The ICO, the U.K.’s independent body set up to uphold information rights, is currently working on the development of an auditing framework for AI. When available, it will give the ICO a methodology to audit AI applications to make sure they are transparent and fair. It will also inform future guidance for organizations to support the continuous and innovative use of AI within the law.
This is great news of course, but for the tech community, such a framework doesn’t go far enough. We need the ICO, or a new body, to work with the tech community to oversee the creation and responsible use of commercially-relevant, open data sets, which in turn will support real tech innovation.
Data for good
AI and ML-led innovations can bring benefits to the economy and wider society, sometimes well beyond that of the commercial gains to the original innovators. A better analysis of consumer data could lead banks to offer better credit terms to existing customers, and access to credit to a wider demographic of customers, who don’t have a current credit history, for example. Car manufacturers could remove gender bias in their product designs by having access to representative data sets, leading to a positive impact on consumers’ safety. There are thousands of other examples like these that could be enabled by curated, open data sets.
This approach could benefit the public sector as well, most obviously around health and environmental policies. For example, if city planning data were coupled with data on medical devices, such as inhalers, to identify air pollution hotspots, the relevant authorities can prioritize anti-pollution measures for roads where people most suffer the medical consequences.

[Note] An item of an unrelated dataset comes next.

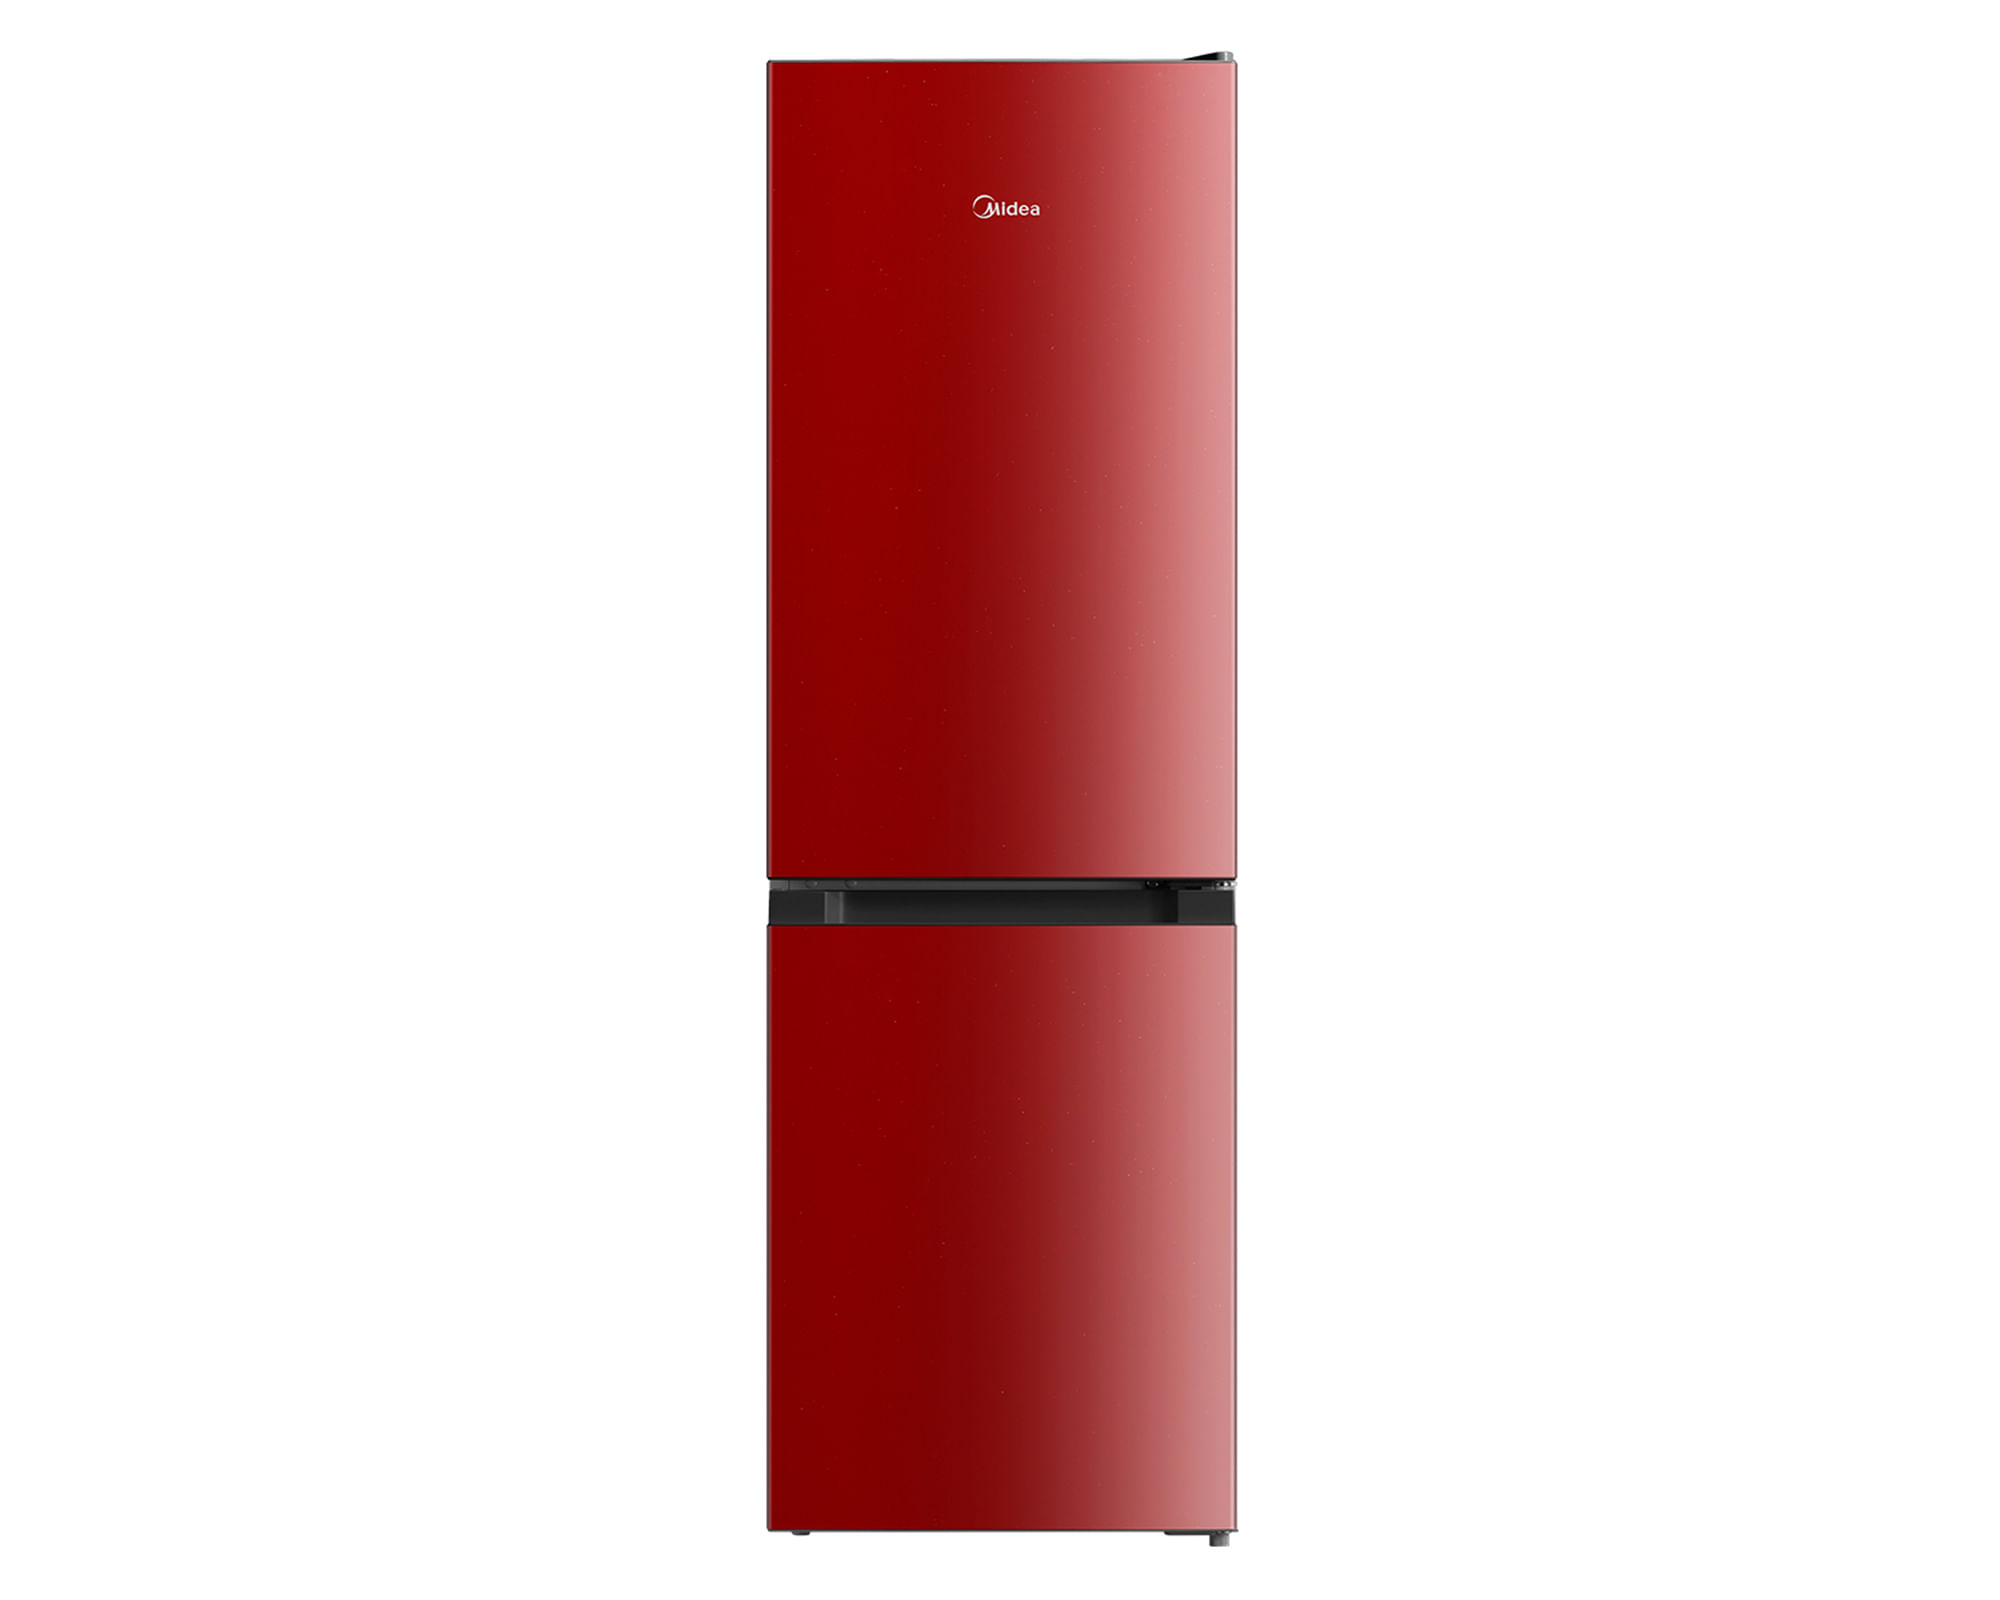 Refrigerador Bottom Freezer frío directo 169 litros rojo

Improvements in the way companies use data can have a big societal impact. As such, it is not unreasonable to ask consumers to share some of their anonymized data to enable these innovations. Some level of risk sharing between companies and consumers encourages competition, innovation, and public research for the greater good.
Current laws keep data locked away behind corporate firewalls and prevent data sharing. New regulation that supports rather than hinders innovation is needed. Rather than coming down hard on companies, governments across Europe should work together to build an accredited body or regulator with the power to sign off on companies’ data policies and to help make anonymous, fair and balanced, open data sets publicly available. Only in this way can society benefit from AI to the full extent of its promise.